A `tof_tbl` or a `tibble`.

sample_col

An unquoted column name indicating which column in `tof_tibble` represents the id of the sample from which each cell was collected. `sample_col` should serve as a unique identifier for each sample collected during data acquisition - all cells with the same value for `sample_col` will be treated as a part of the same observational unit.

cluster_col

An unquoted column name indicating which column in `tof_tibble` stores the cluster ids of the cluster to which each cell belongs. Cluster labels can be produced via any method the user chooses - including manual gating, any of the functions in the `tof_cluster_*` function family, or any other method.

fixed_effect_cols

Unquoted column names representing which columns in `tof_tibble` should be used to model fixed effects during the differential abundance analysis. Generally speaking, fixed effects represent the comparisons of biological interest (often the variables manipulated during experiments), such as treated vs. non-treated, before-treatment vs. after-treatment, or healthy vs. non-healthy.

random_effect_cols

Optional. Unquoted column names representing which columns in `tof_tibble` should be used to model random effects during the differential abundance analysis. Generally speaking, random effects should represent variables that a researcher wants to control/account for, but that are not necessarily of biological interest. Example random effect variables might include batch id, patient id (in a paired design), or patient age.

Note that without multiple samples at each level of each of the random effect variables, it can be easy to overfit mixed models. For most high-dimensional cytometry experiments, 2 or fewer (and often 0) random effect variables are appropriate.

diffcyt_method

A string indicating which diffcyt method should be used for the differential abundance analysis. Valid methods include "glmm" (the default), "edgeR", and "voom".

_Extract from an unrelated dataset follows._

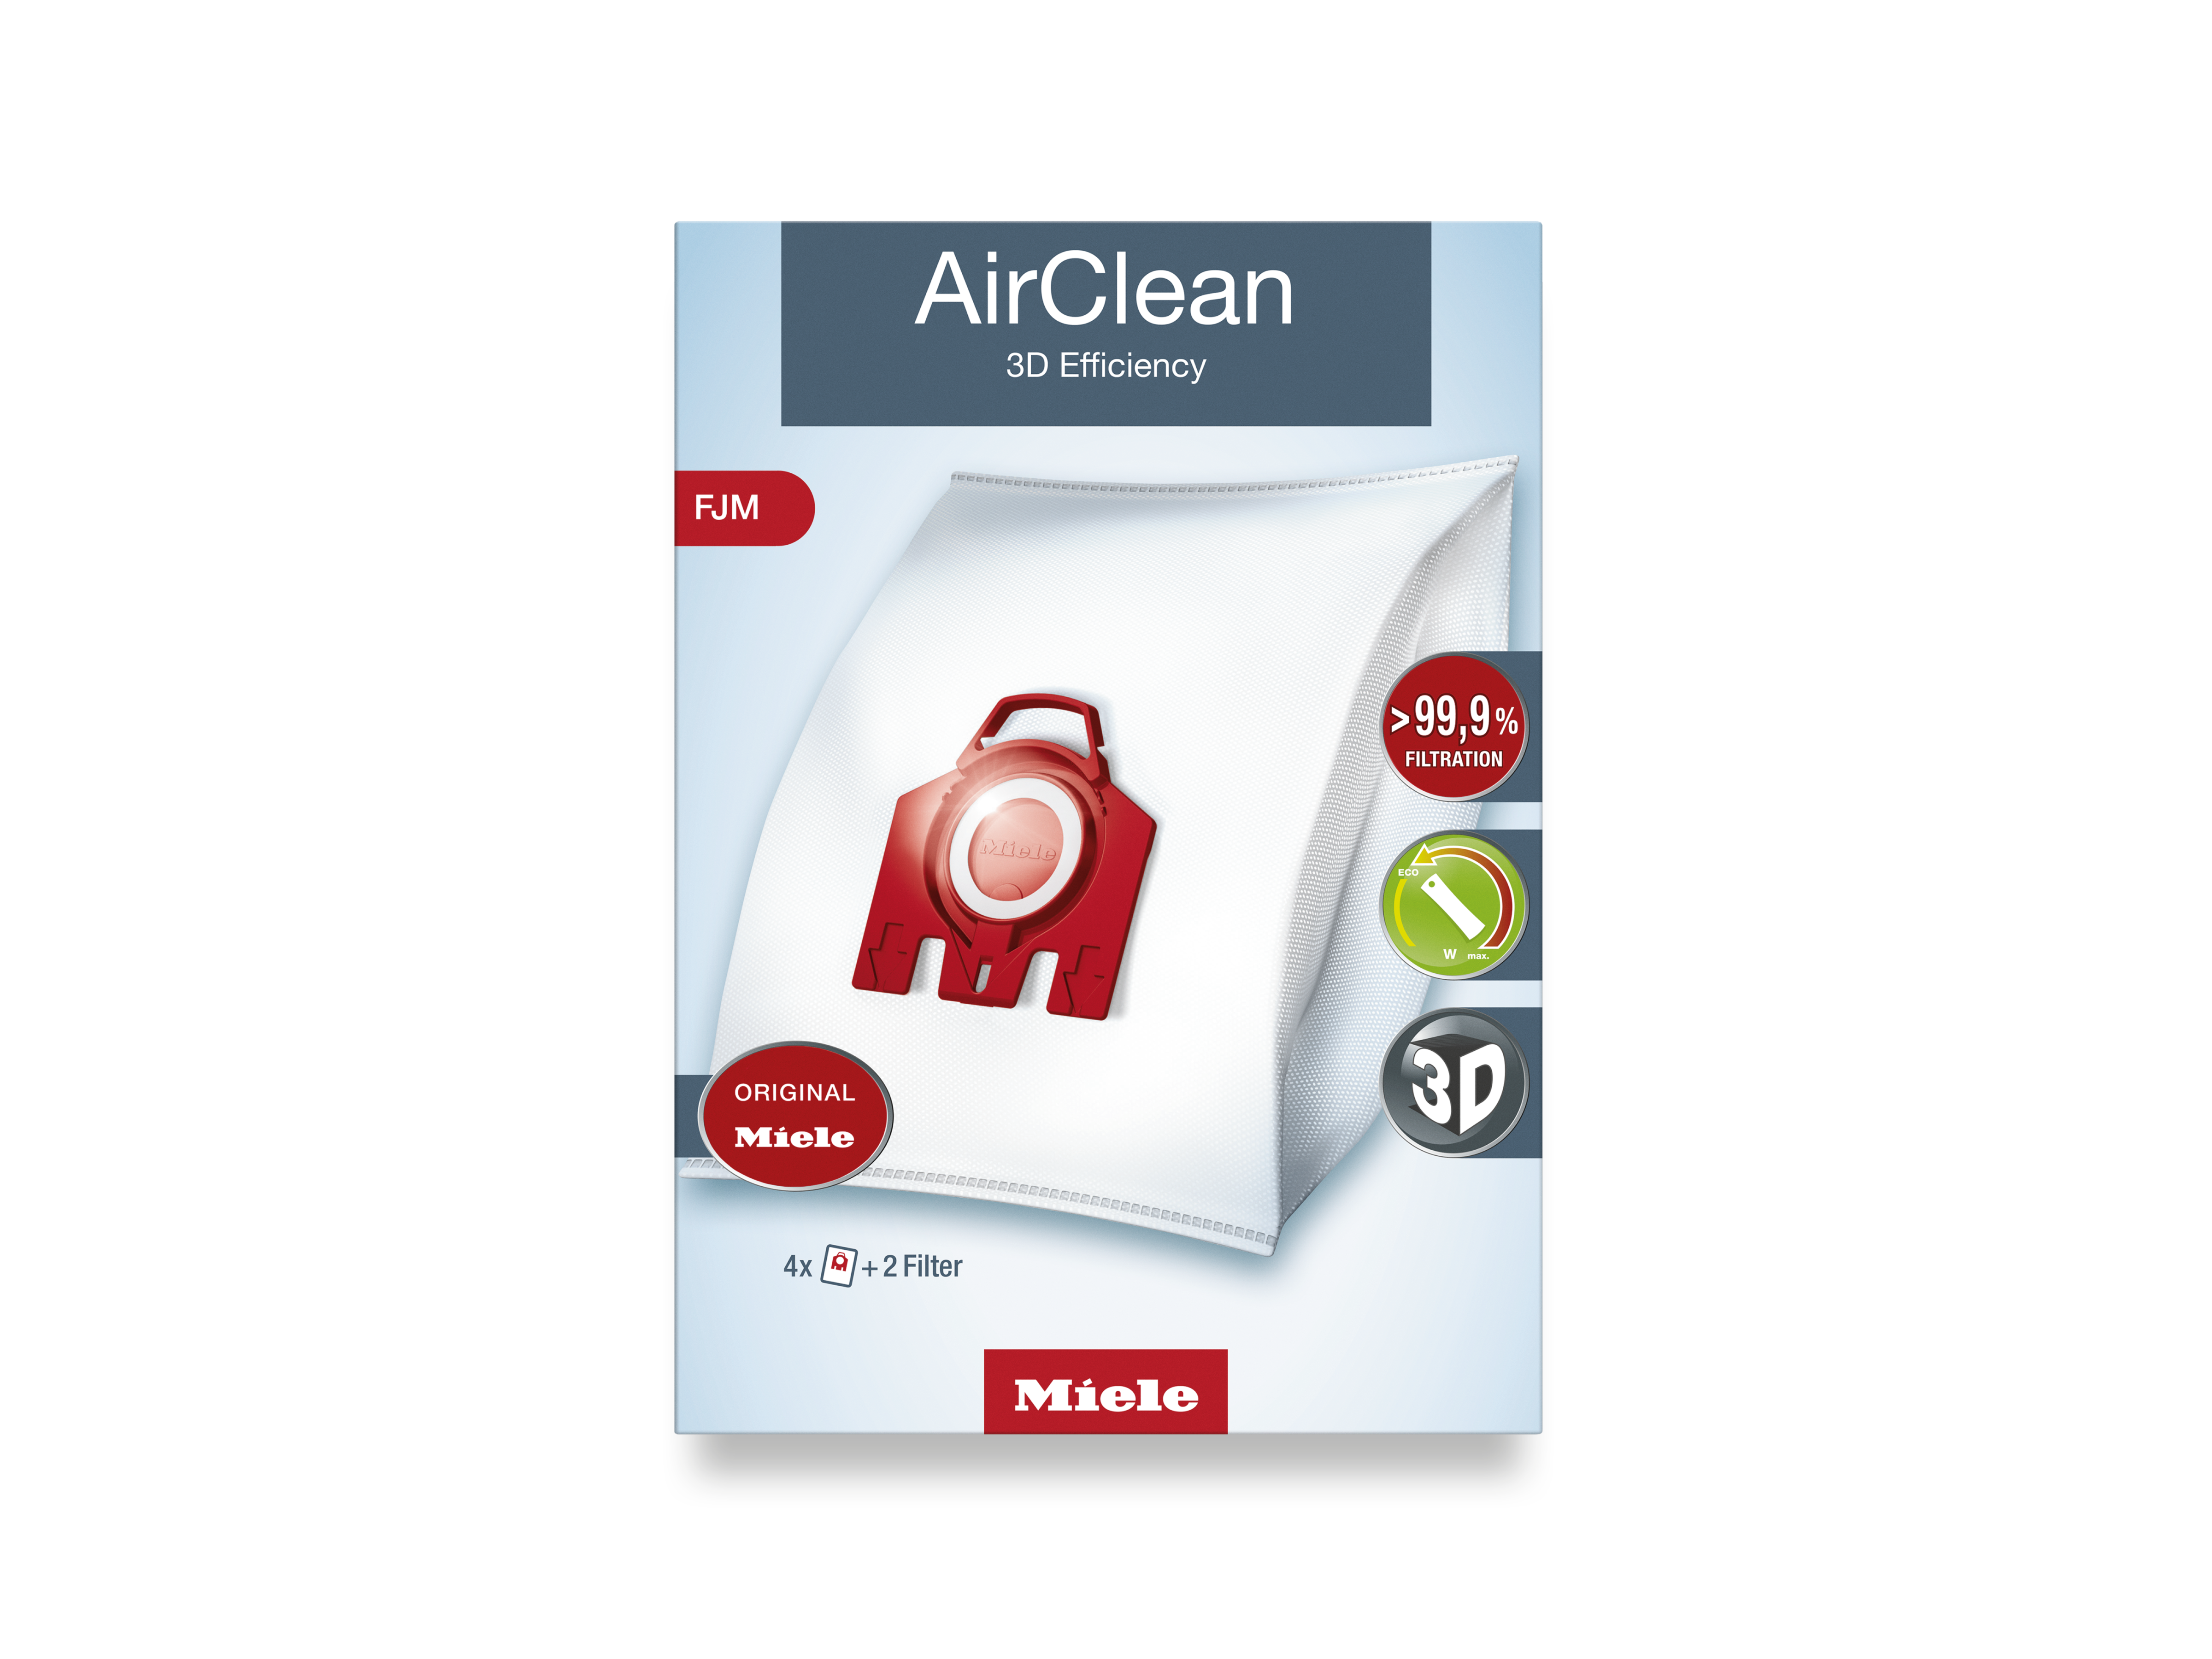 Miele - FJM AirClean 3D – Vacuum cleaner accessories

include_observation_level_random_effects

A boolean value indicating if "observation-level random effects" (OLREs) should be included as random effect terms in a "glmm" differential abundance model. For details about what OLREs are, see the diffcyt paper. Only the "glmm" method can model observation-level random effects, and all other values will ignore this argument (and throw a warning if it is set to TRUE). Defaults to FALSE.

min_cells

An integer value used to filter clusters out of the differential abundance analysis. Clusters are not included in the differential abundance testing if they do not have at least `min_cells` in at least `min_samples` samples. Defaults to 3.

min_samples

An integer value used to filter clusters out of the differential abundance analysis. Clusters are not included in the differential abundance testing if they do not have at least `min_cells` in at least `min_samples` samples. Defaults to 5.

alpha

A numeric value between 0 and 1 indicating which significance level should be applied to multiple-comparison adjusted p-values during the differential abundance analysis. Defaults to 0.05.

...

Optional additional arguments to pass to the under-the-hood diffcyt function being used to perform the differential abundance analysis. See testDA_GLMM, testDA_edgeR, and testDA_voom for details.

Value

A nested tibble with two columns: `tested_effect` and `daa_results`.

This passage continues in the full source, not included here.